CC               | ZZ     | 9


------------------------------------
  • If you perform query operation it applies only on customer_country value. The value should only be equal operator (=).

  • So only items equal to that partition key/primary key value are fetched.

  • If you perform scan operation it fetches all items in that table and filter out data after it takes that data.

Note: Don't perform scan operation it exceeds your RCU.

In terms of performance, I think it's good practice to design your table for applications to use Query instead of Scan. Because a scan operation always scan the entire table before it filters out the desired values, which means it takes more time and space to process data operations such as read, write and delete.
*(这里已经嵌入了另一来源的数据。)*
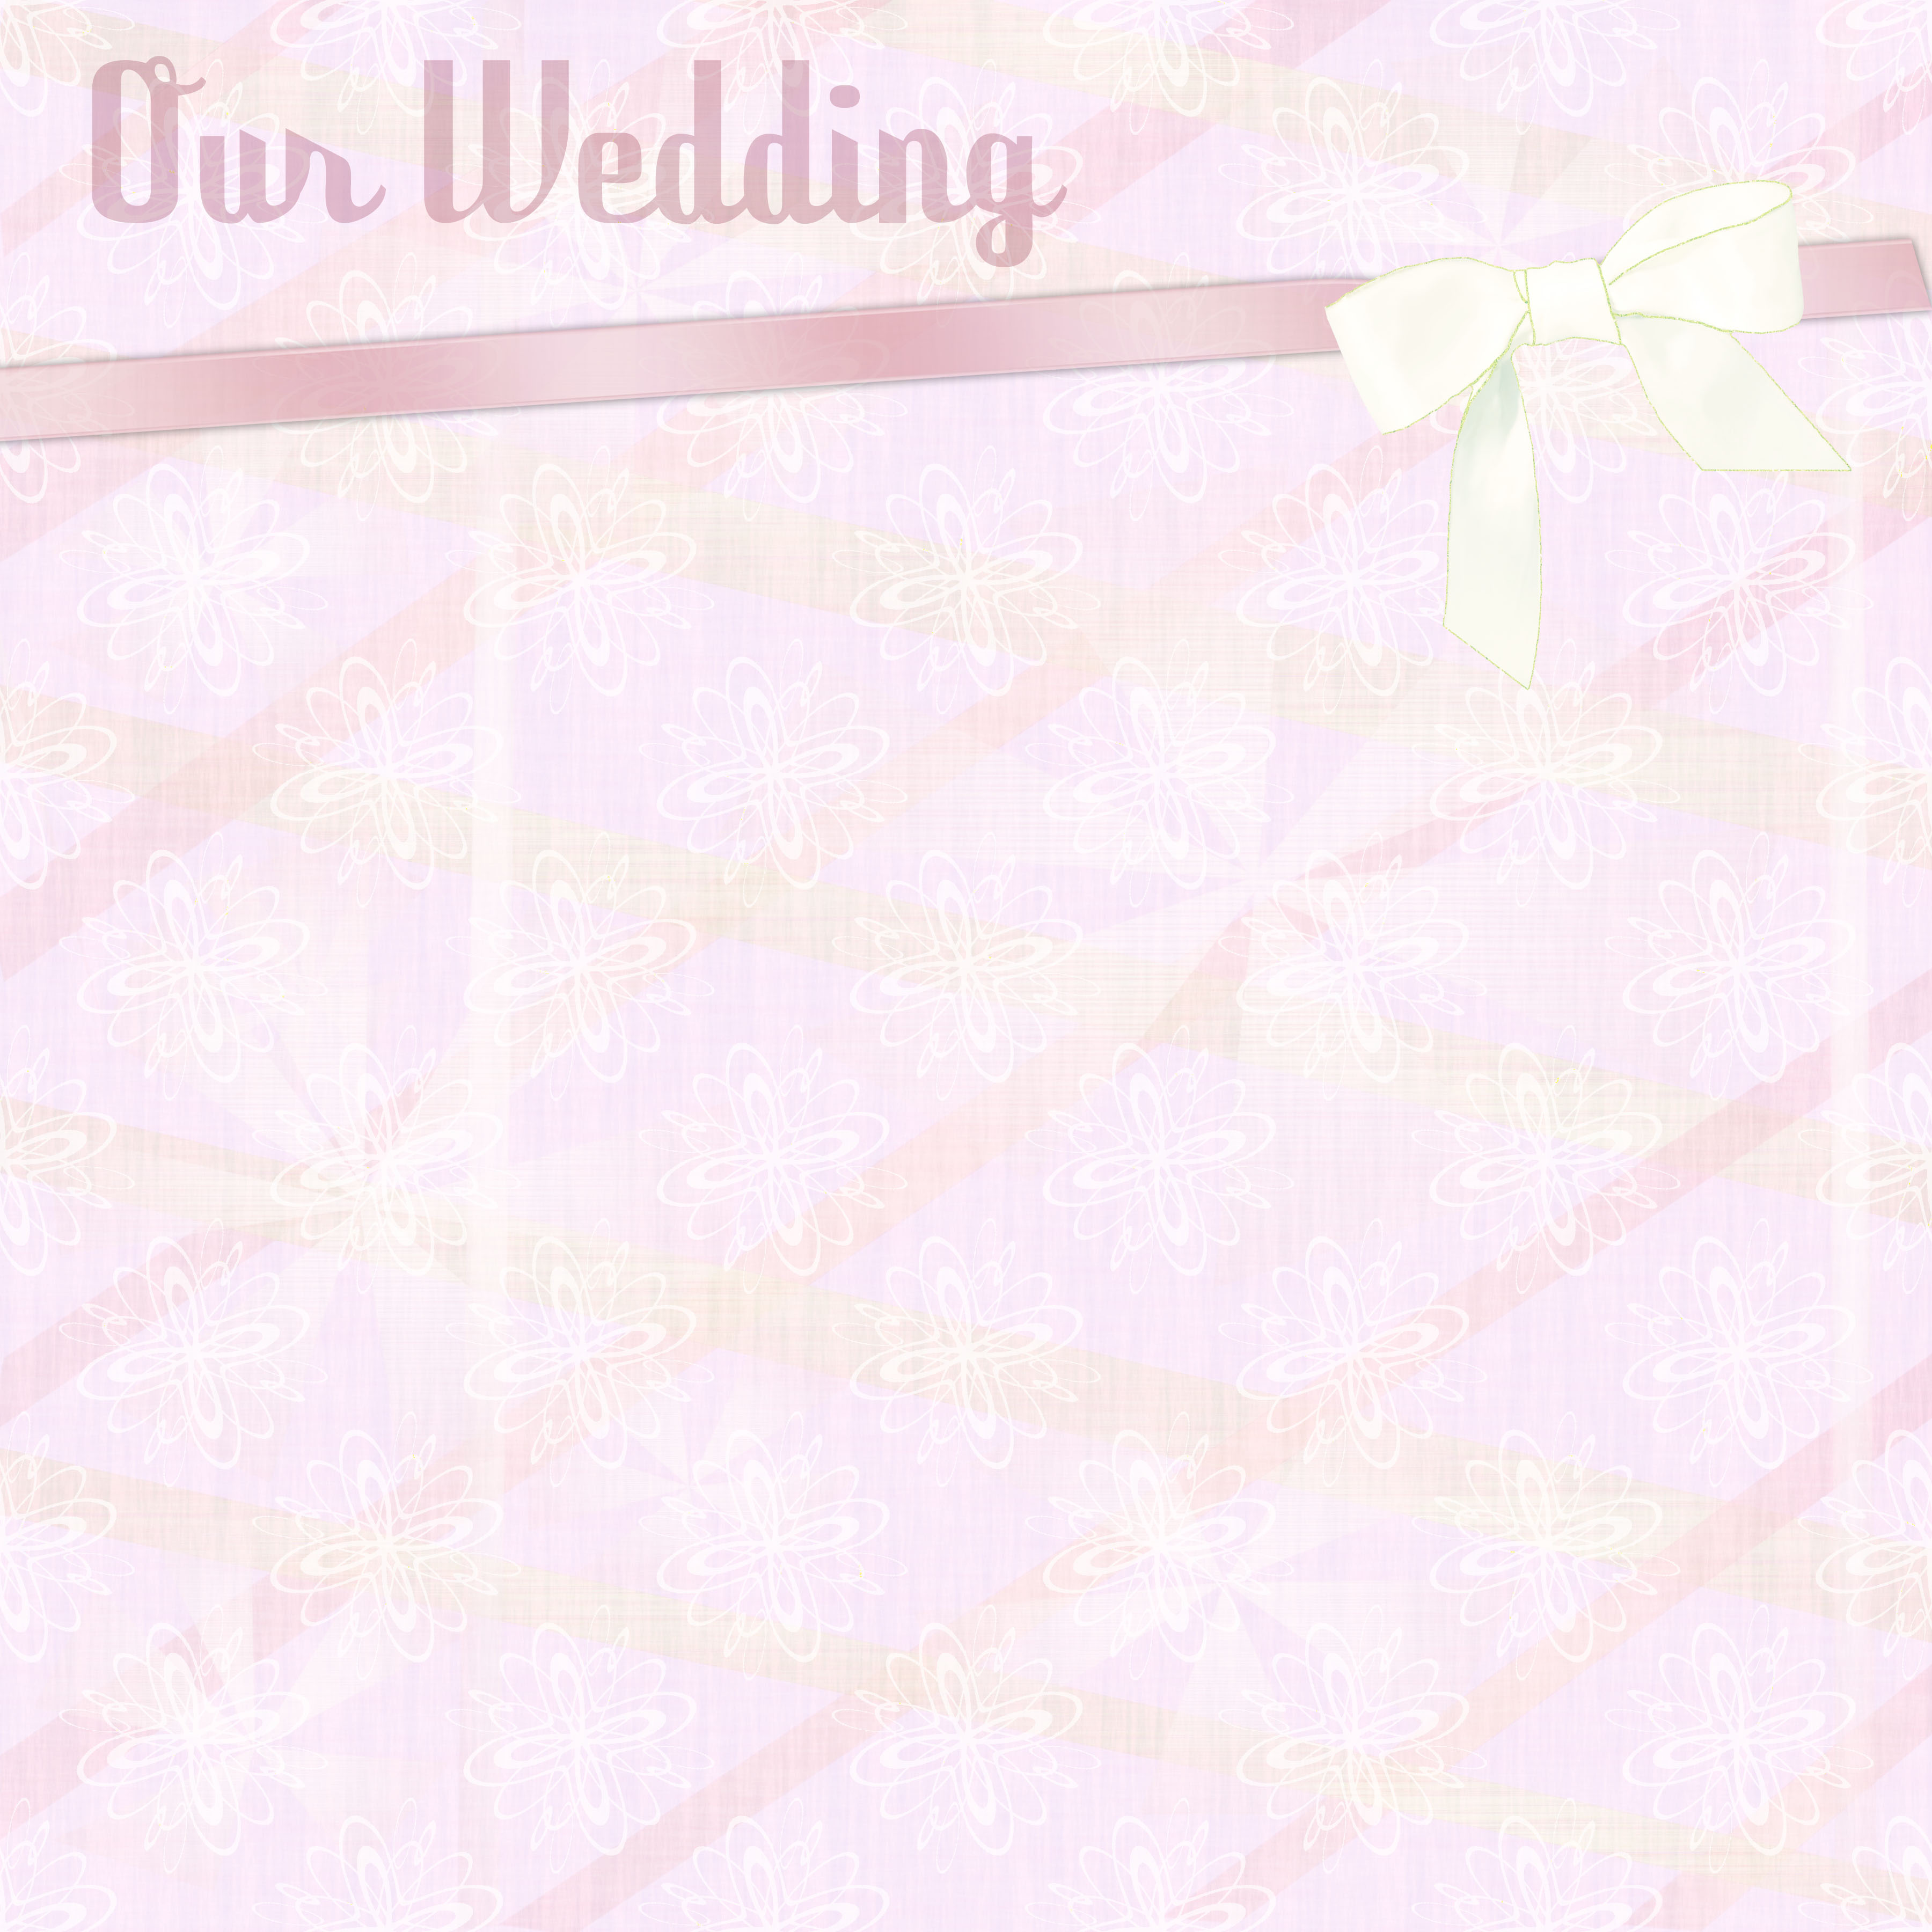 Wedding Wallpaper at 1280x1024 3600x3600

For more information, please refer to the official document

When creating a Dynamodb table select Primary Keys and Local Secondary Indexes (LSIs) so that a Query operation returns the items you want.

Query operations only support an equal operator evaluation of the Primary Key, but conditional (=, <, <=, >, >=, Between, Begin) on the Sort Key.

Scan operations are generally slower and more expensive as the operation has to iterate through each item in your table to get the items you are requesting.

Example:

Table: CustomerId, AccountType, Country, LastPurchase


Primary Key: CustomerId + AccountType

In this example, you can use a Query operation to get:

  1. A CustomerId with a conditional filter on AccountType

A Scan operation would need to be used to return:

  1. All Customers with a specific AccountType
  2. Items based on conditional filters by Country, ie All Customers from USA
  3. Items based on conditional filters by LastPurchase, ie All Customers that made a purchase in the last month

To avoid scan operations on frequently used operations create a Local Secondary Index (LSI) or Global Secondary Index (GSI).

Example:

Table: CustomerId, AccountType, Country, LastPurchase


Primary Key: CustomerId + AccountType
GSI: AccountType + CustomerId
LSI: CustomerId + LastPurchase

In this example a Query operation can allow you to get:

  1. A CustomerId with a conditional filter on AccountType
  2. [GSI] A conditional filter on CustomerIds for a specific AccountType
  3. [LSI] A CustomerId with a conditional filter on LastPurchase

Query is much better than Scan - performence wise. scan, as it's name imply, will scan the whole table. But you must be well aware of the table key, sort key, indexes and and related sort indexes in order to know that you can use the Query. if you filter your query using:

  • key
  • key & key sort
  • index
  • index and it's related sort key

use Query! otherwise use scan which is more flexible about which columns you can filter.

you can NOT Query if:

  • more that 2 fields in the filter (e.g. key, sort and index)
  • sort key only (of primary key or index)
  • regular fields (not key, index or sort)
  • mixed index and sort (index1 with sort of index2)\
  • ...

a good explaination: https://medium.com/@amos.shahar/dynamodb-query-vs-scan-sql-syntax-and-join-tables-part-1-371288a7cb8f

Its similar as in the relational database.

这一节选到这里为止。